The passive voice has its place – but we should watch out when it shows up in the wrong place in news stories.

June 28, 2011

"No Bodies Found In Texas Home After Psychic Tip." Now how's that for an upbeat headline?

It ran over a story by The Associated Press in early June about the story that never was: the discovery of up to 30 dismembered bodies at a house out in the country some 70 miles outside Houston.

Except that there were no dead bodies. There was an investigation by the local sheriff's department, on the basis of a couple of phone calls from a self-described psychic. The officers found nothing.

But somewhere between the launch of the investigation and the finding of nothing, the whole affair became an international media circus, involving CNN, Reuters, Agence France-Presse, and others. The National Public Radio program "On the Media" led its deconstruction of the massacre-that-wasn't with an audio clip of an Australian newsreader intoning the grim "facts" of the case.

The story was not, alas, on its face implausible. But what seems to have happened here is that sheriff's department sources passed incomplete, and ultimately inaccurate, information to some local news outlets, after which it was repeated and retweeted and inflated as in the parlor game "telephone."

The nonstory illustrates the value of gatekeepers – even as the premature release of "hot" news via social media undercuts the idea that all parts of a media company hew to the same journalistic standards.

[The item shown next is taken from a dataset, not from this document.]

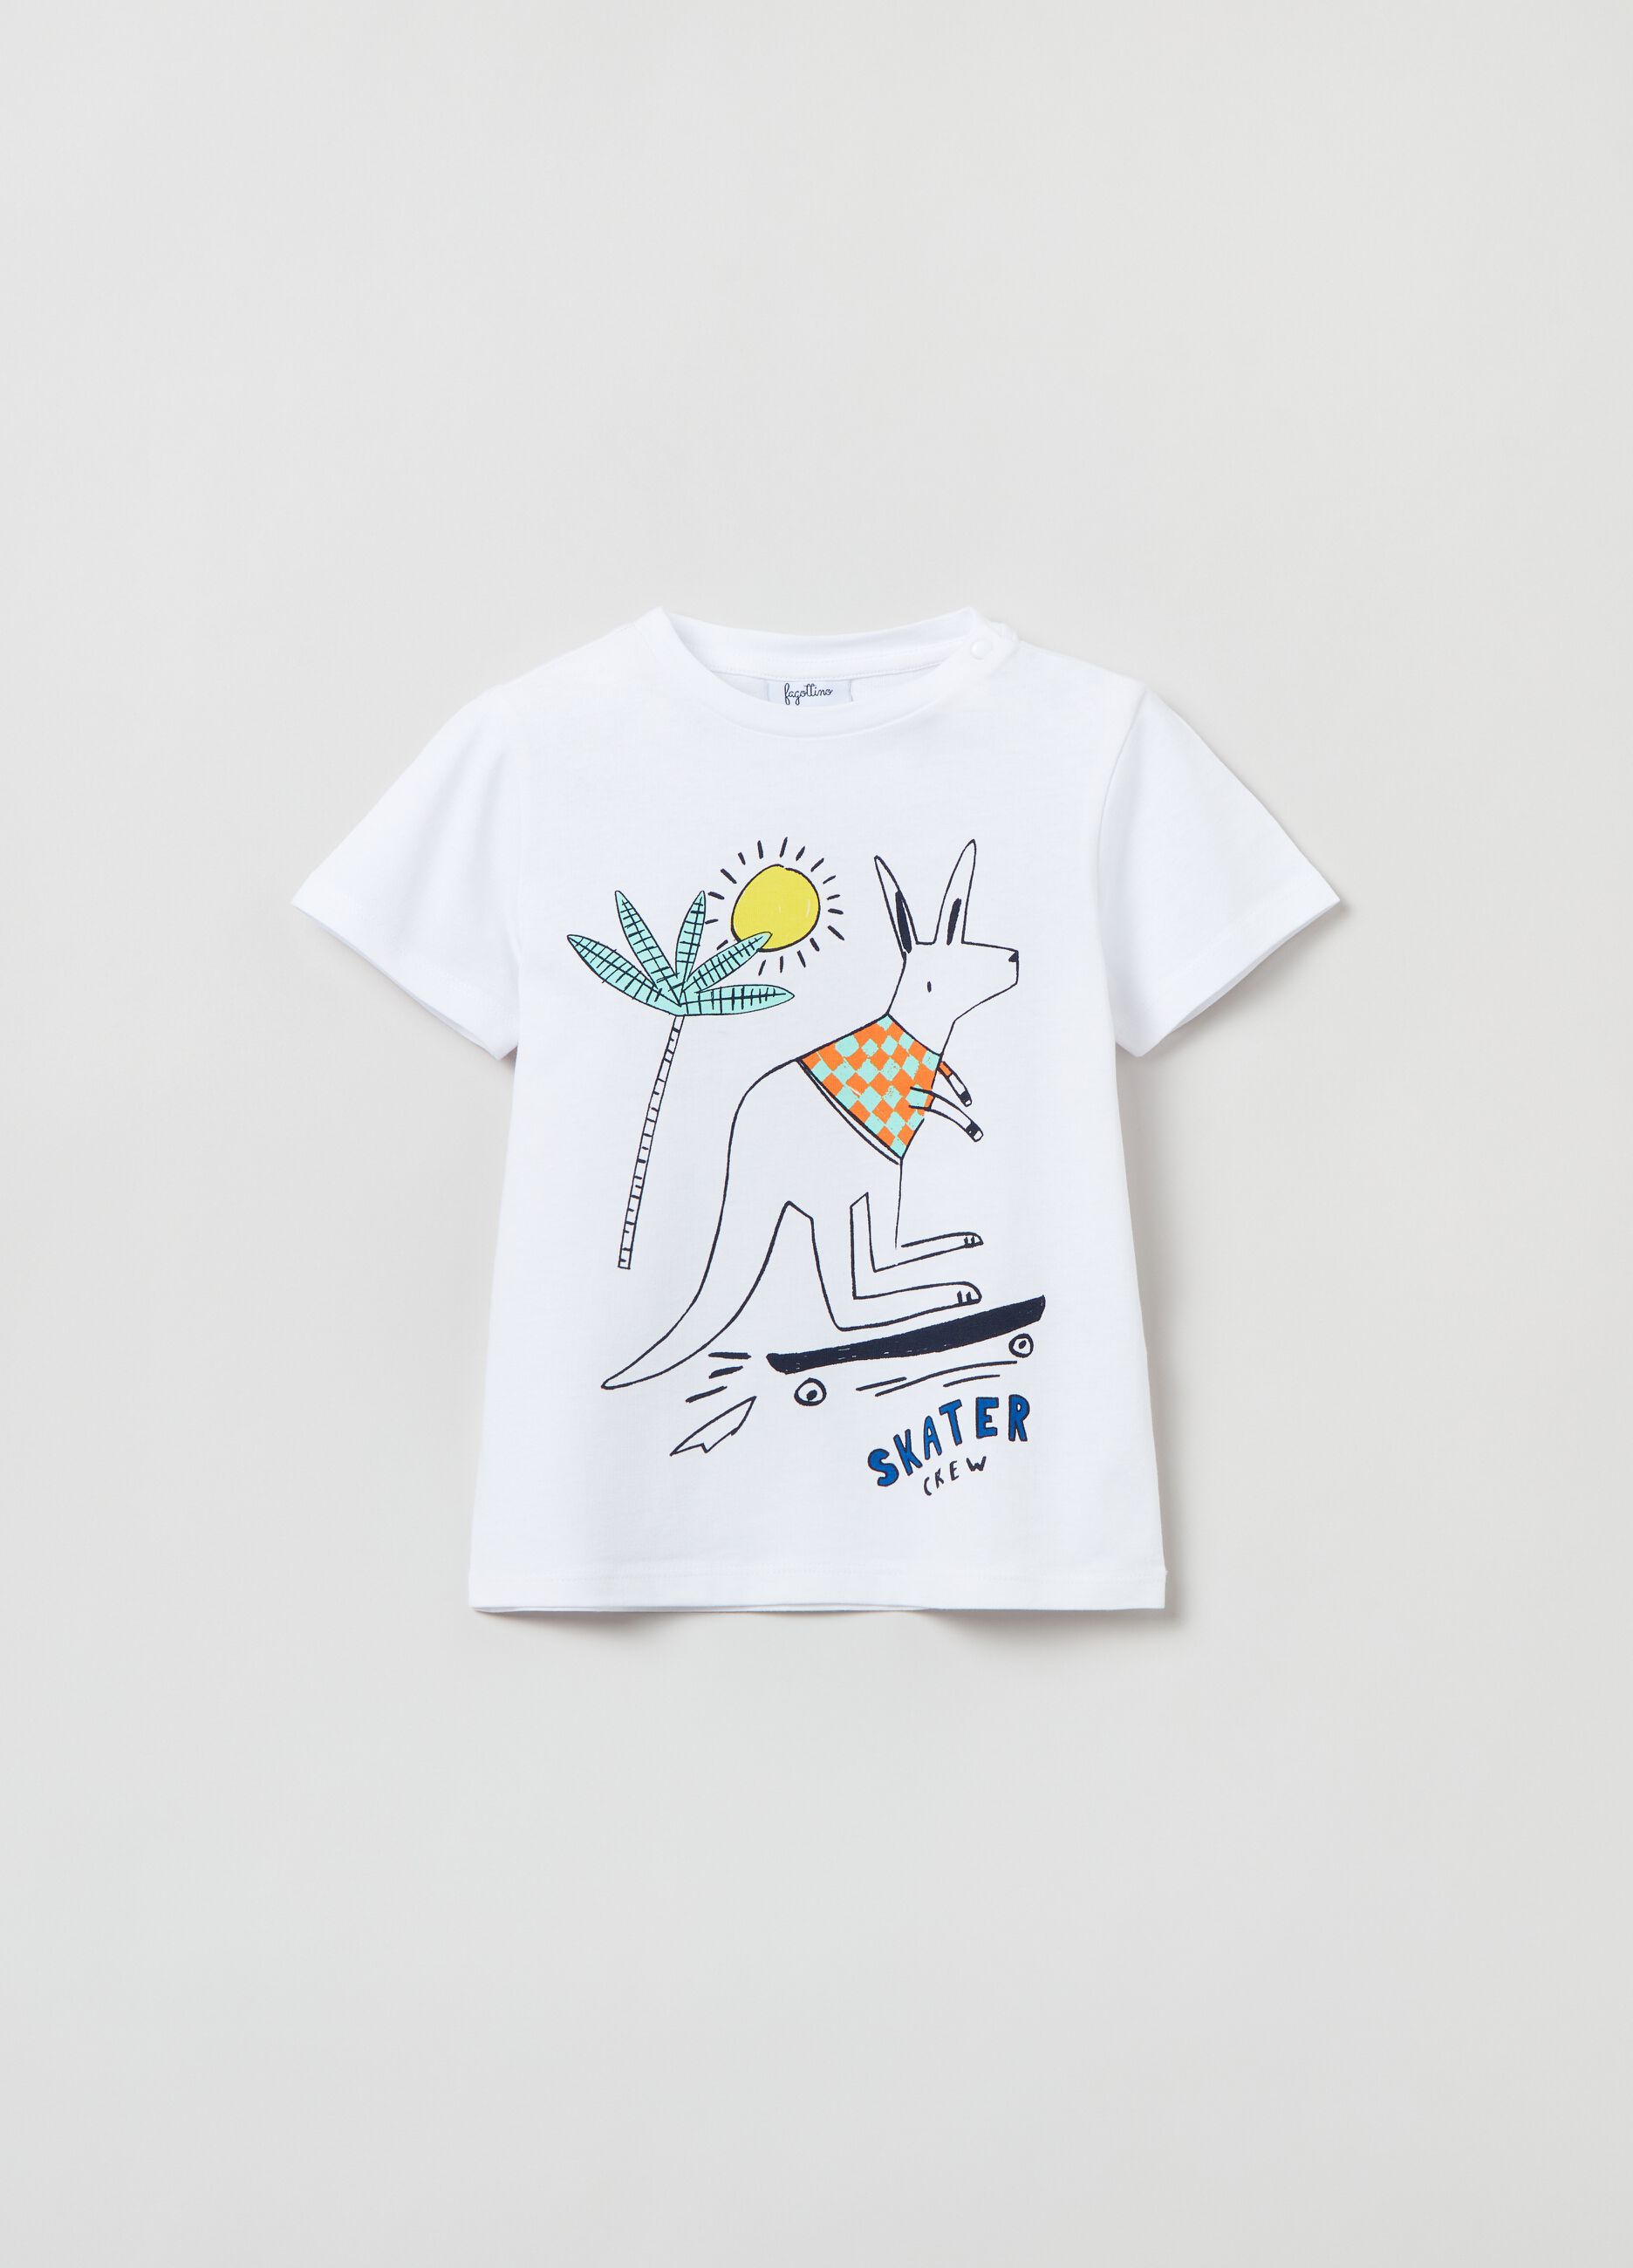 Cotton T-shirt with kangaroo skater print

The episode illustrates the echo-chamber effect of today's media. And it demonstrates that, although some stories are so vitally urgent as to be worth getting out even in imperfect form, others benefit from some good old-fashioned fact-checking.

But three words that stuck in my ear after I heard the "On the Media" report were "We are told."

Note the passive voice. Not "We have learned" or "An investigation by our reporters has found."

The "we are told" construction can be the sign of a news organization at the mercy of sources motivated by other interests than the public's right to know. "Deep background" sources often do get it right. But there's a world of difference between an experienced reporter getting a quick fill from a trusted longtime source, on one hand, and someone within a network retweeting an internal news advisory that probably should have remained internal.

The Texas-massacre-that-mercifully-never-was appeared on my radar when I was reviewing an older post from Washington blogger David Alpert on the way that the news media report on automobile accidents.

His case study was a Washington Post article that began, "Four people ranging in age from 19 to 21 were killed early yesterday in Culpeper County, Va., when their car collided with a vehicle that was going the wrong way, Virginia State Police said."

The people are written of in the passive voice; the active verbs go to the motor vehicles. "I didn't know cars could drive themselves," Mr. Alpert mused. He went on, "[O]ur habit of dehumanizing the actions of cars tends to create assumptions that their actions are not actually someone's responsibility."

Among editorial curmudgeons, I'm a relative softie on the passive voice. It has its place. Especially in reporting on crime, accidents, and war, victims often need to come first.

But we need to be careful about the stories we are told – because sometimes mistakes are made.